Automation with autobase
For automated deployment of PostgreSQL HA clusters, consider using the autobase project by Vitaly Kukharik.
About autobase
Repository: https://github.com/vitabaks/autobase
autobase is an Ansible-based automation tool for deploying PostgreSQL high-availability clusters with:
- Patroni for automatic failover
- etcd/Consul/ZooKeeper for DCS
- HAProxy or pgBouncer for connection pooling
- Optional monitoring with Prometheus/Grafana
Features
- One-command cluster deployment
- Support for cloud providers (AWS, GCP, Azure, DigitalOcean)

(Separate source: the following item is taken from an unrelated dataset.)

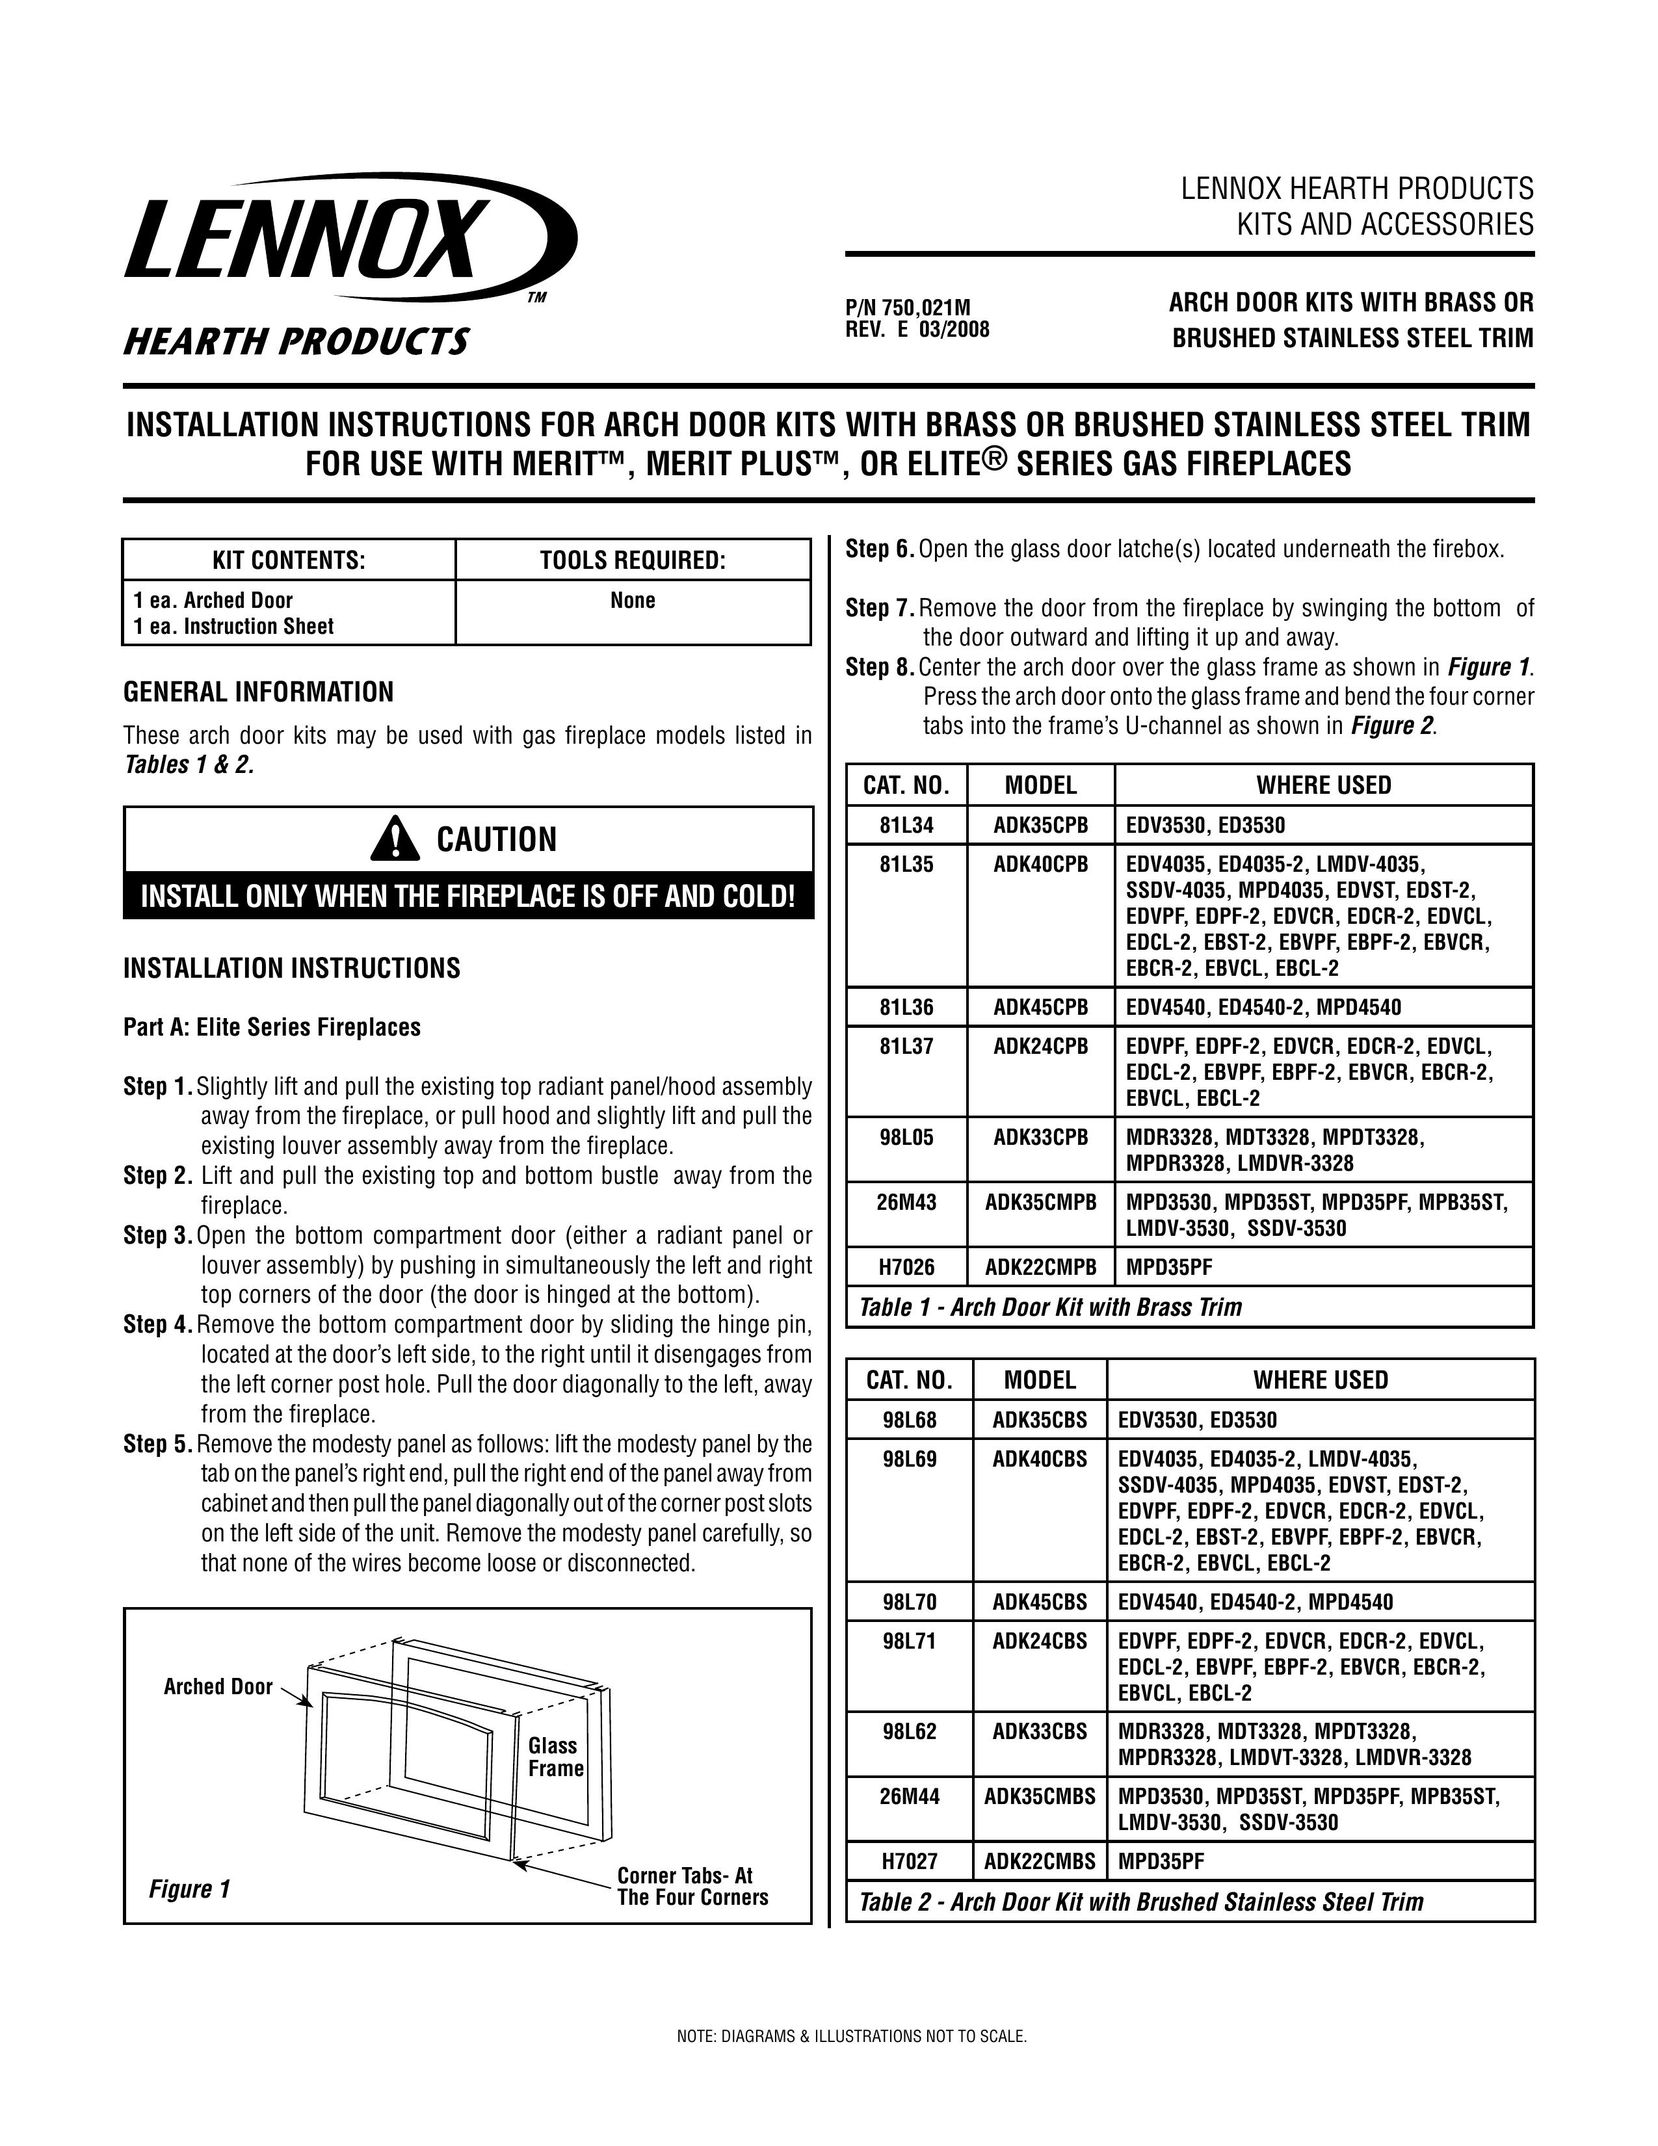 Lennox Hearth ADK24CBS Indoor Fireplace User Manual
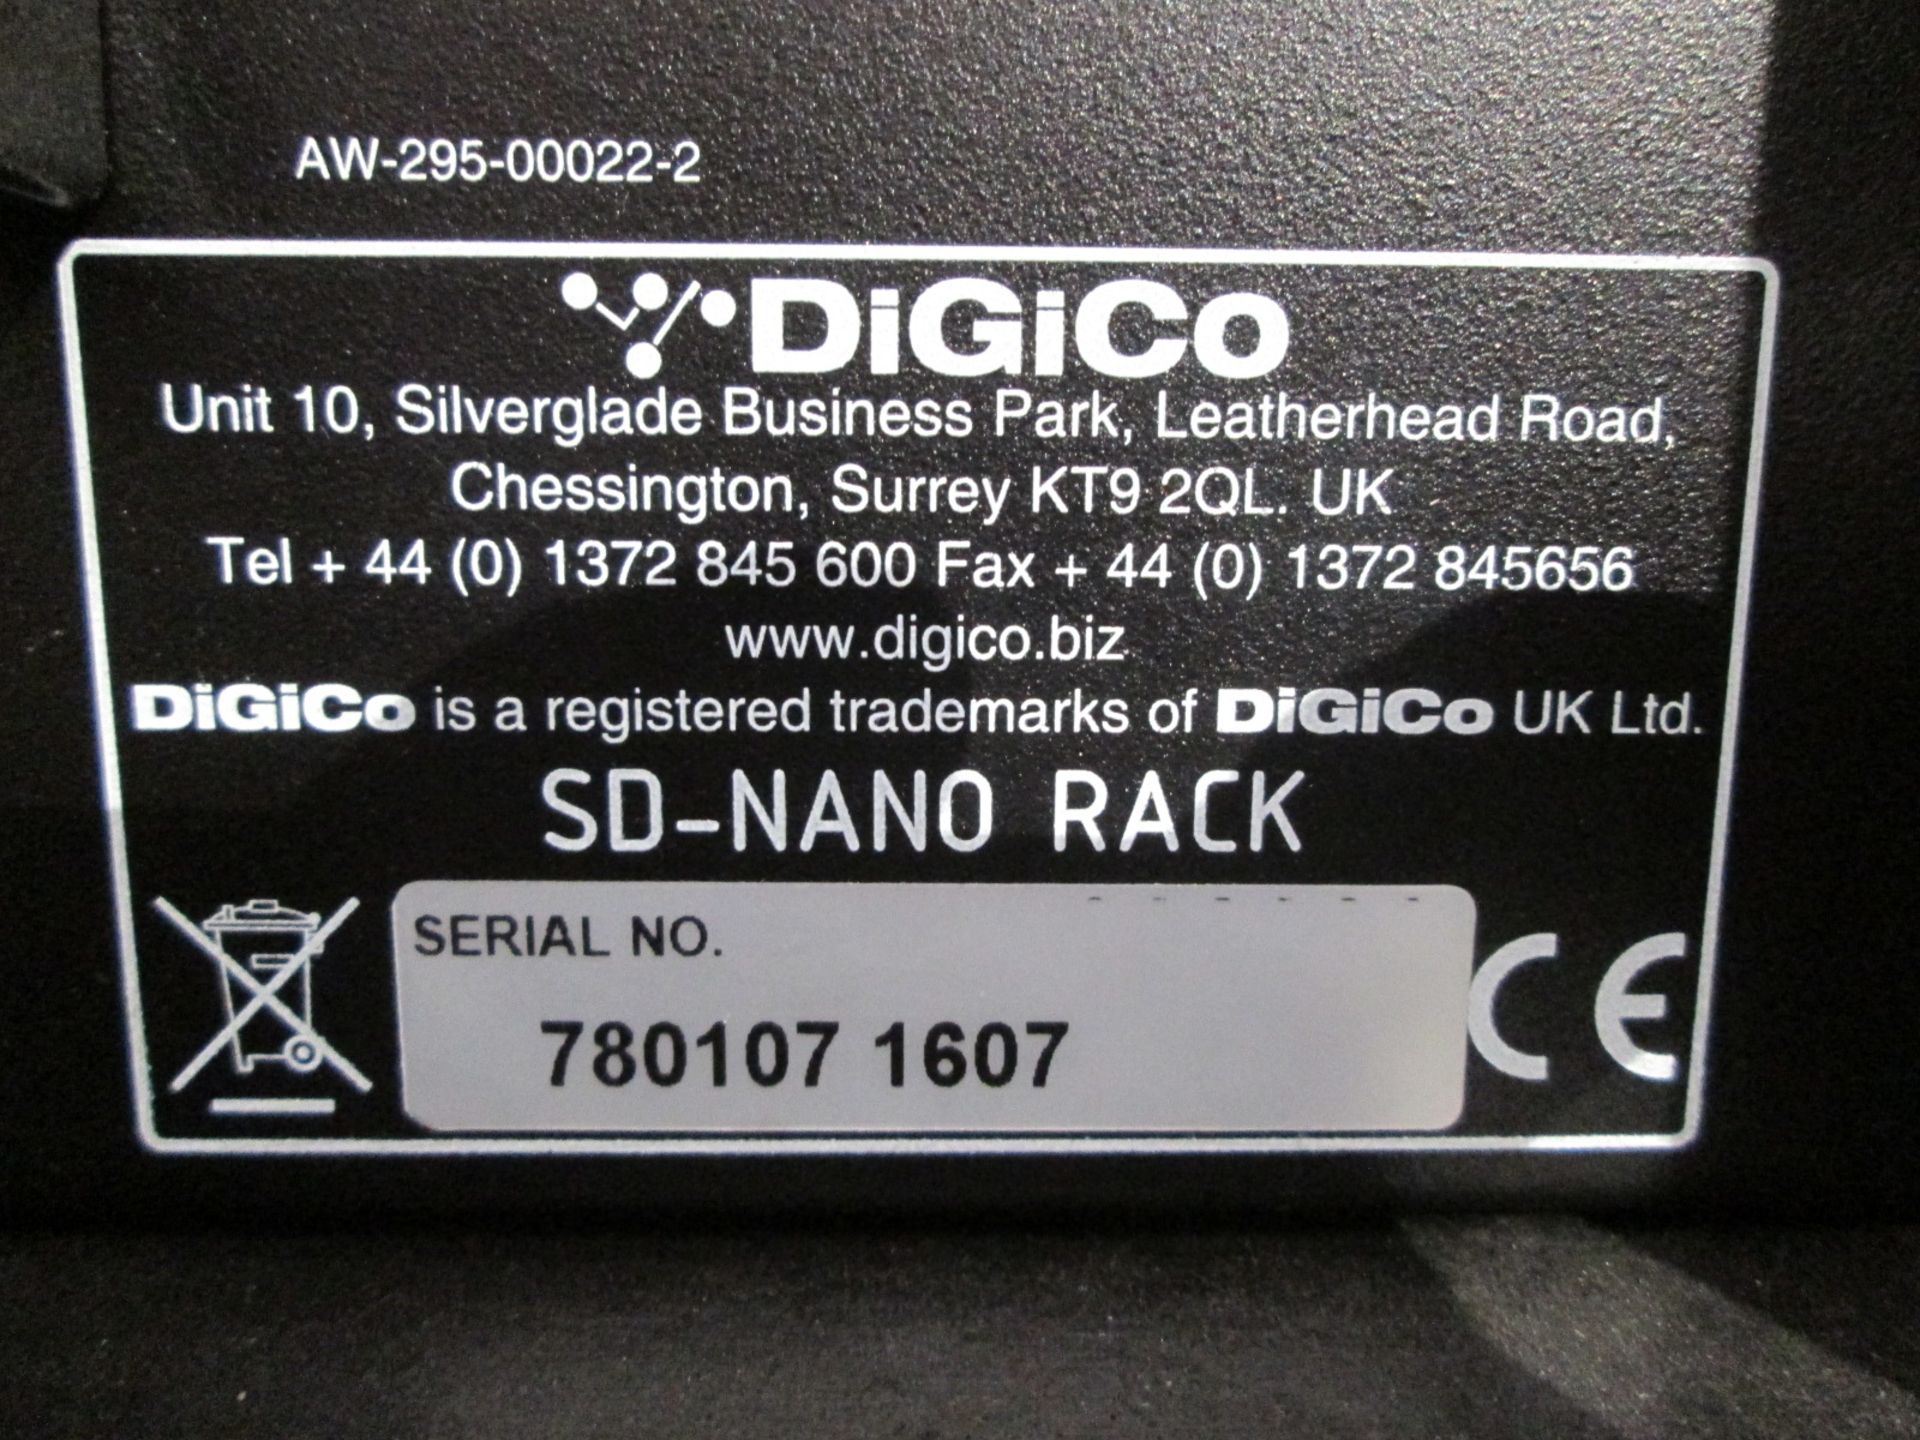 DigiCo SD-Nano Rack Input / Output Frame (2 slot). S/N 780107 1607 - Image 7 of 8

- Automatic SSL certificate generation
- Backup configuration (pgBackRest, WAL-G)
- Monitoring stack setup
- Rolling updates
Quick Start with autobase
# Clone repository
git clone https://github.com/vitabaks/autobase.git
cd autobase
# Install requirements
pip3 install -r requirements.txt
# Edit inventory
nano inventory
# Configure variables
nano vars/main.yml
# Deploy cluster
ansible-playbook deploy_pgcluster.yml
Troubleshooting
Patroni Won't Start
Check logs:
sudo journalctl -u patroni -f
Common issues:
- PostgreSQL data directory already exists (remove it for fresh install)
- Wrong permissions on
/etc/patroni/patroni.yml - etcd not accessible
- Port conflicts (5432, 8008)
etcd Connection Failed
Check etcd is running:
sudo systemctl status etcd
etcdctl endpoint health
Test connectivity:
curl http://192.168.1.51:2379/health
Split-Brain Scenario
If cluster shows multiple leaders:
- Stop Patroni on all nodes:
sudo systemctl stop patroni
- Clear etcd cluster data:
etcdctl del --prefix /db/
- Start Patroni one node at a time:
# Node 1
sudo systemctl start patroni
# Wait 30s
# Node 2
sudo systemctl start patroni
# Wait 30s
# Node 3
sudo systemctl start patroni
HAProxy Shows All Nodes Down
Check Patroni REST API is accessible:
curl http://192.168.1.51:8008/
Should return HTTP 200 for leader, 503 for replica.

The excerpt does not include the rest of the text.